Когда кто-либо тщится художественно выражать себя в аляповатых римейках некогда разрушенных храмов, это говорит лишь об его эстетическом и идеологическом бессилии. Но когда за три недели до выборов, на которых должна решаться судьба власти, предполагается, как бы прописывая собственное будущее, с великой помпой открывать триумфальный монумент символа неслыханной российской катастрофы, такую историческую и эстетическую нечуткость и даже более того — отсутствие простейшего суеверного предчувствия — трудно воспринять иначе, как предзнаменование новых великих бед. Говорят, что дурной вкус ведет к преступлению — не хотелось бы, чтобы он привел к катастрофе.

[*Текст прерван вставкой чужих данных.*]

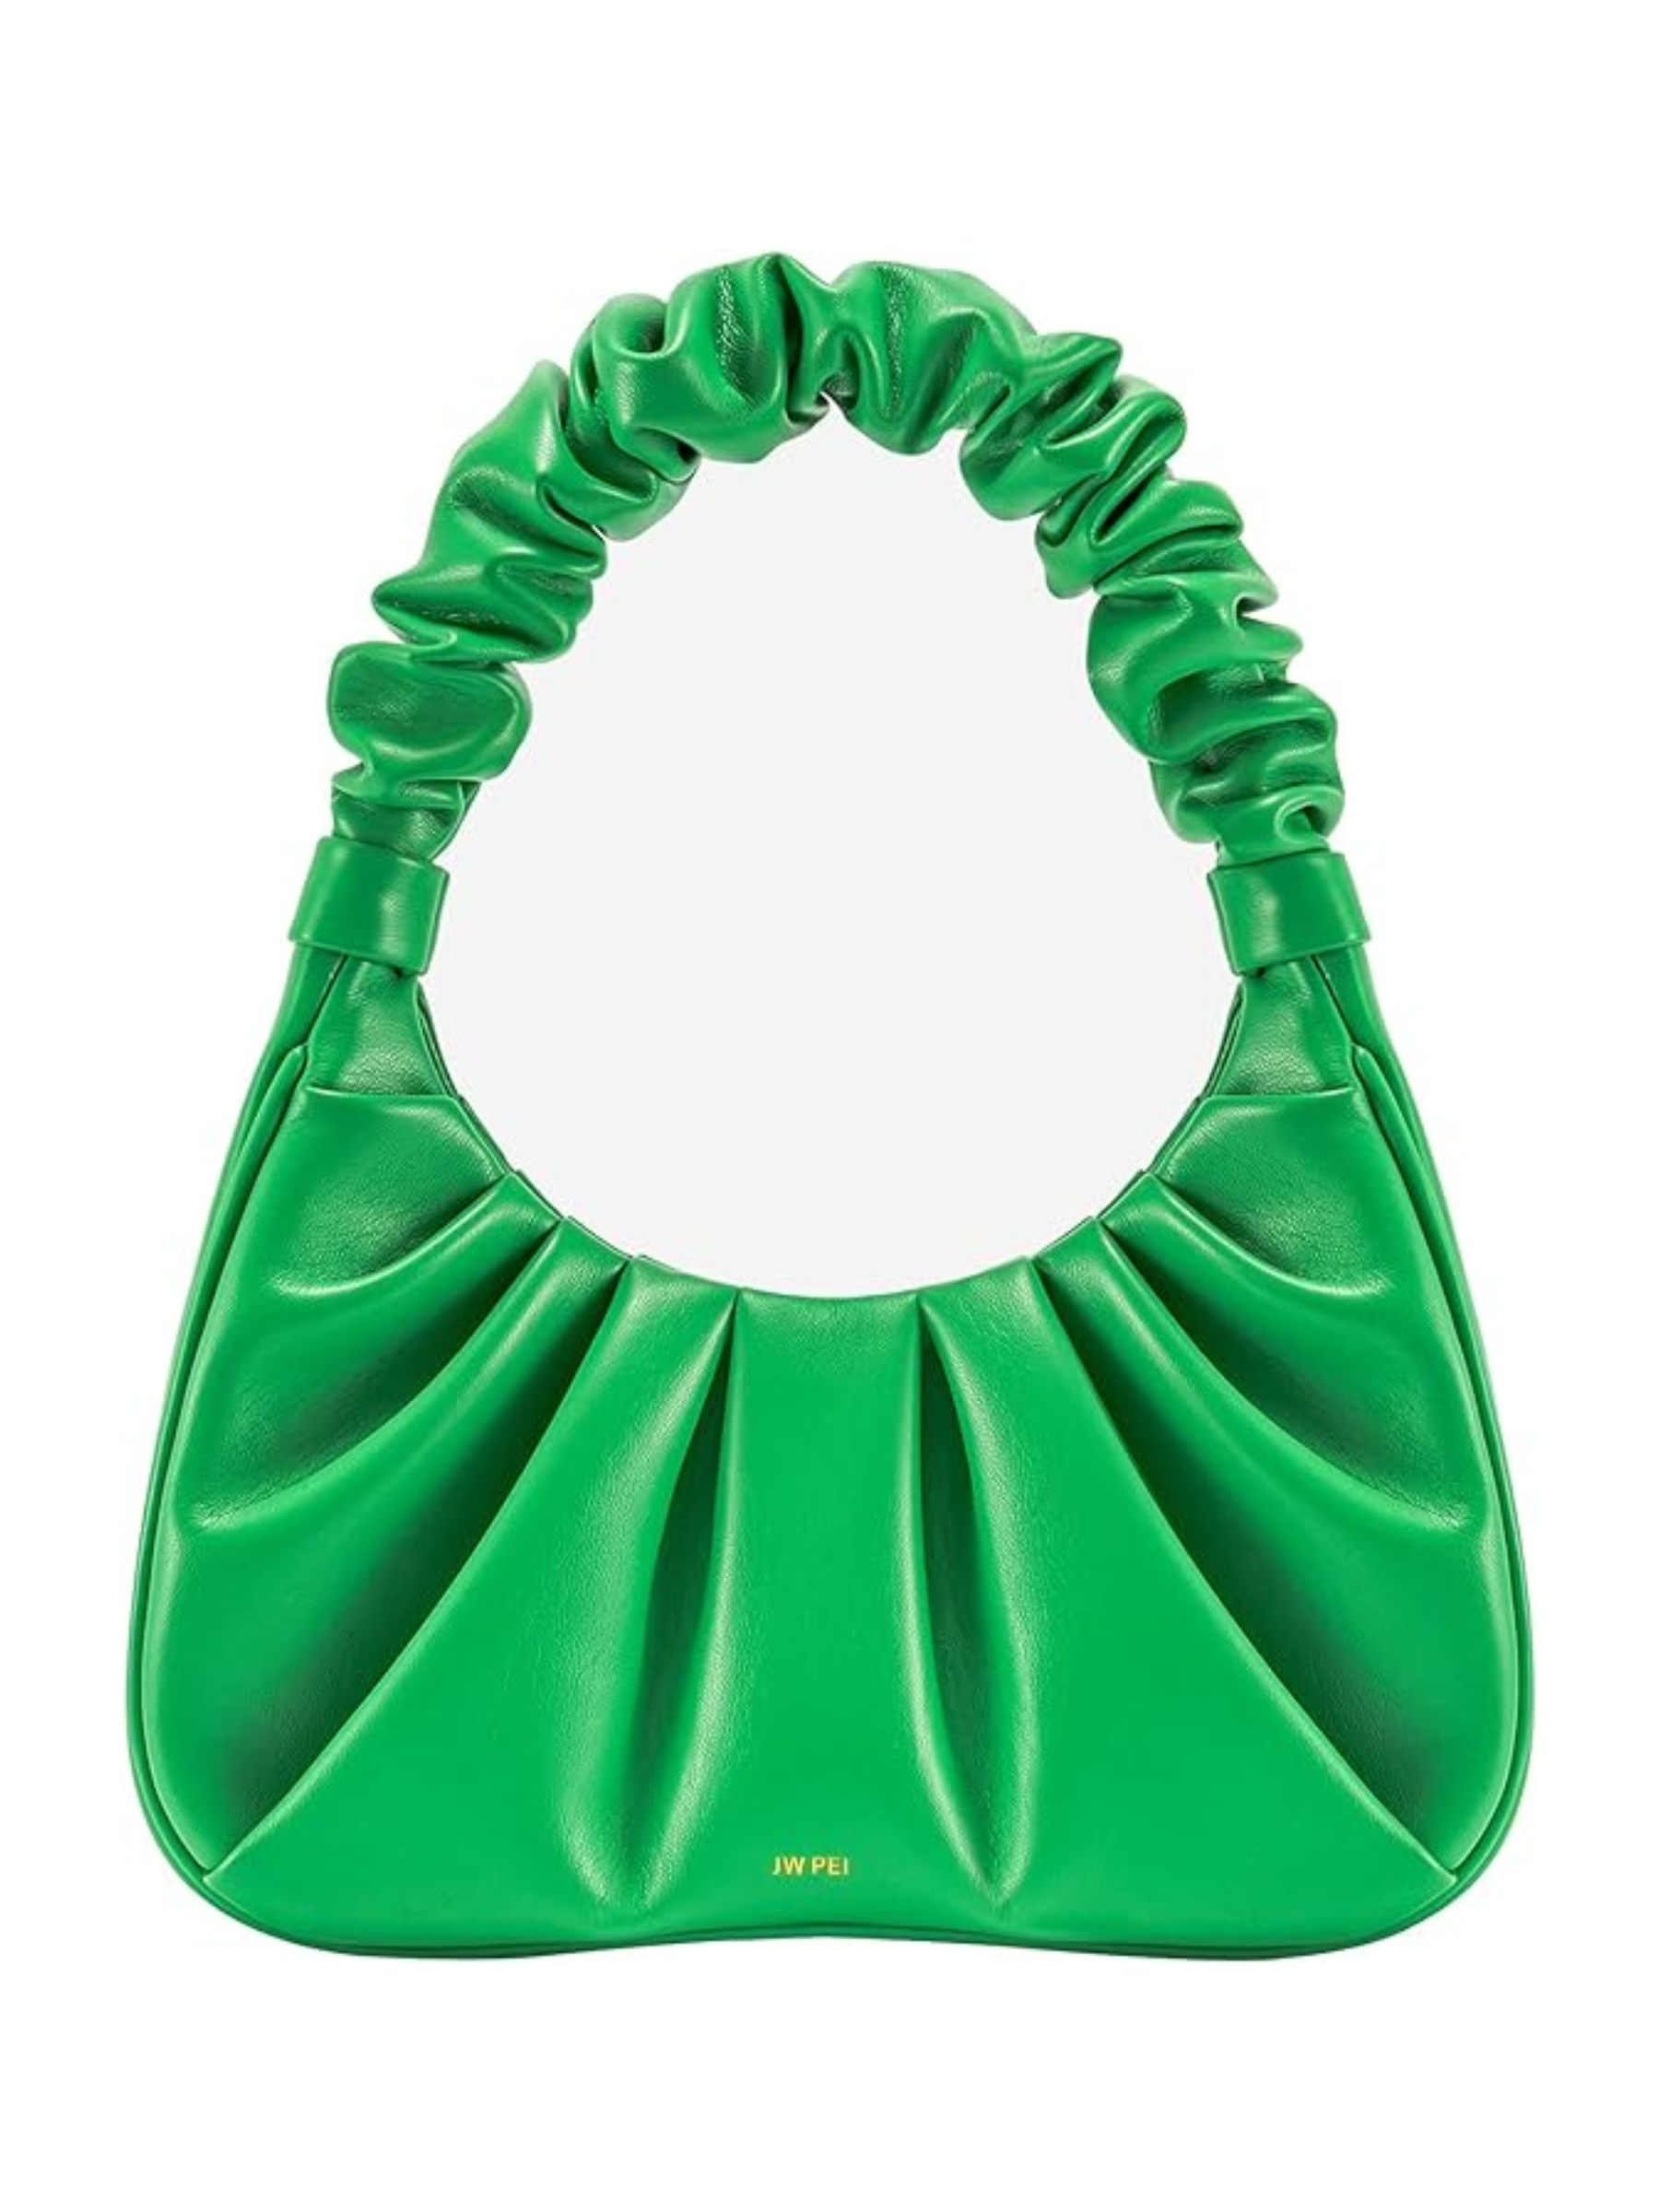 This “It” bag comes in the best mix of colors and a few surprise styles like a magenta faux fur or a lime green shade with crystal embellishments. $80, Amazon. <a href="https://www.amazon.com/dp/B094QT219C?">Get it now!</a><p>Sign up for today’s biggest stories, from pop culture to politics.</p><a href="https://www.glamour.com/newsletter/news?sourceCode=msnsend">Sign Up</a>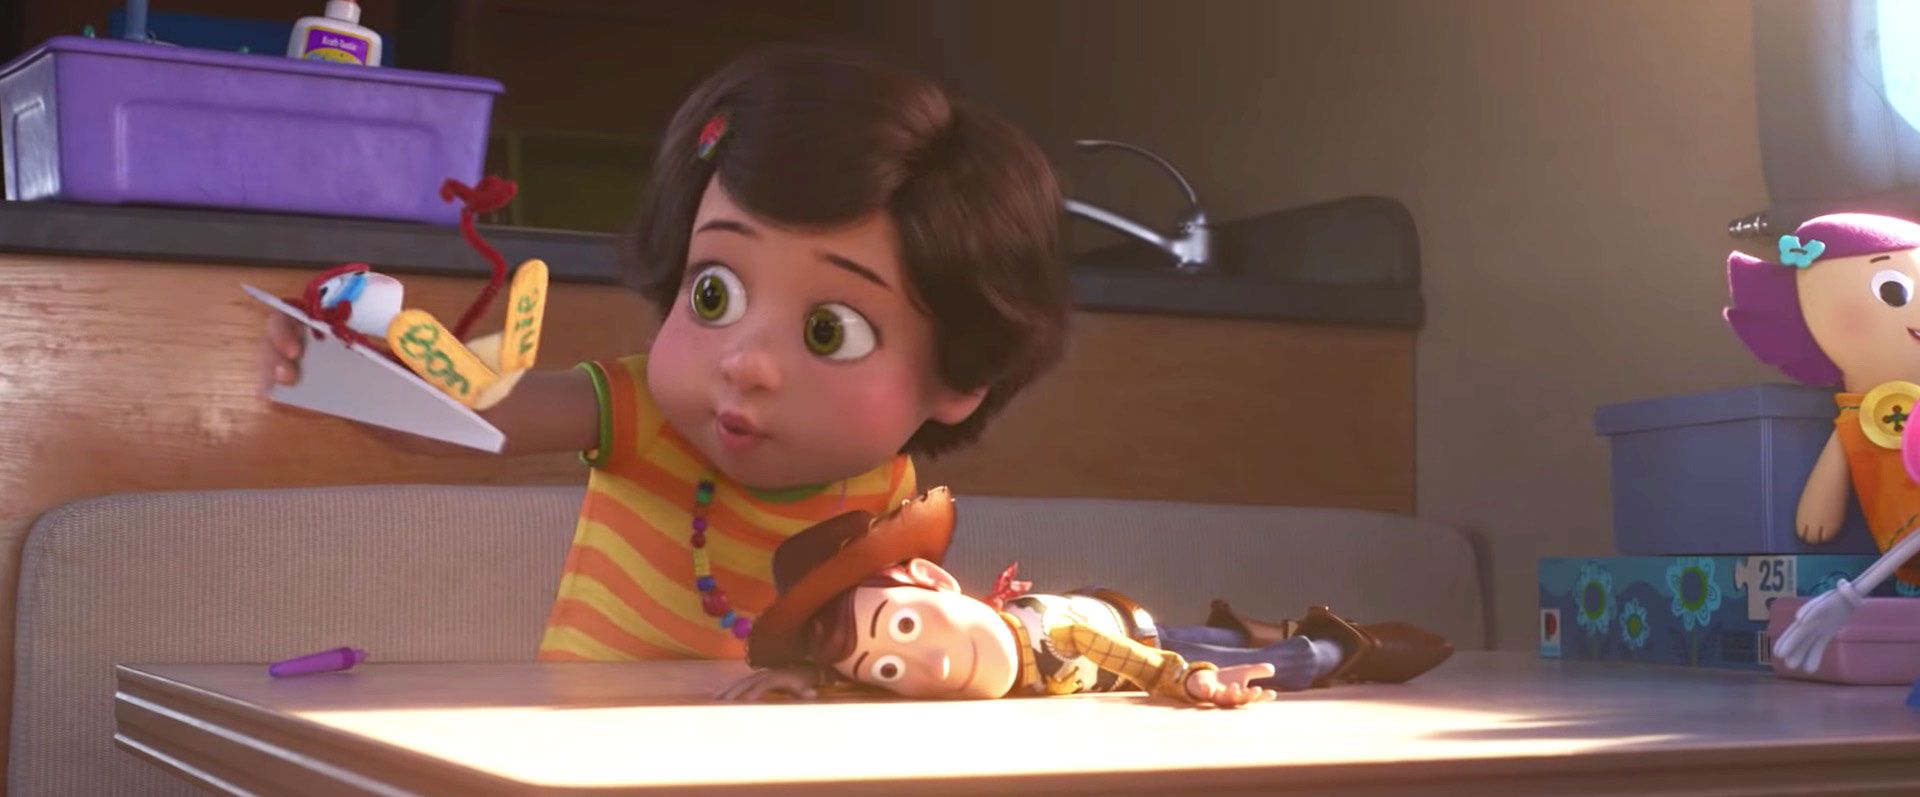 download bonnie anderson toy story 4

Вряд ли исполнители и лоббисты фантастического проекта вообще об этом думали. Как при расставлении всюду памятников Ленину сроду не было попыток — хотя бы даже и любяще-верноподданных — вдуматься в смысл ленинского образа, так думалка пребывает в естественном и привычном бездействии и при переключении с классиков марксизма на последних Романовых. Еще более трудно при таком состоянии думалки уразуметь близкий к кощунству религиозный смысл проекта.
С точки зрения светской монарх со всеми регалиями олицетворяет собой силу и славу государства — известно, какими были эти сила и слава. Однако на то можно возразить, что Ходынка, Цусима, Распутин и пр. суть акциденции — "проходит образ мира сего", а субстанцией проекта является прославление не конкретного царя и конкретного царствования, а иконы царя, иконы царствования. Однако при таком повороте темы обнаруживается нечто худшее, чем все распутины, вместе взятые: любовно изваянный православным художником монумент изображает помазание на царство человека, впоследствии отрекшегося от престола.
Но у царя нет такого права — корона христианского монарха снимается только с головой. С религиозной точки зрения венчание на царство есть своего рода таинство, навеки соединяющее государя со своей землей, и это единение может быть нарушено лишь смертью монарха. Как писал Иван Ильин, "Государь и Великий Князь отреклись не просто от 'права' на престол, но от своей, религиозно освященной, монархической и династической обязанности блюсти престол, властно править, спасать свой народ", у царей в силу их монаршей присяги "нет права на отречение от престола в час великой национальной опасности", как у солдата на поле боя нет права на отречение от воинских обязанностей. Изображающий миг миропомазания клыковский памятник — буде его все-таки воздвигнут — будет небывалым в мировой истории памятником в честь нарушения священной присяги.
Здесь не идет речь об осуждении покойного государя. Достойно и праведно приняв мученическую смерть из рук коммунистических убийц, последний император стоит сейчас перед другим судом, более милосердным, чем людской. Но именно милосердие к памяти государя не велит делать предметом постоянного и укоряющего обозрения миг принятия им на себя тех священных обязанностей, которые он не в силах оказался исполнить. Царь уже принял муки от рук большевика Юрковского, и новые посмертные муки от рук ваятеля Клыкова излишни и жестоки.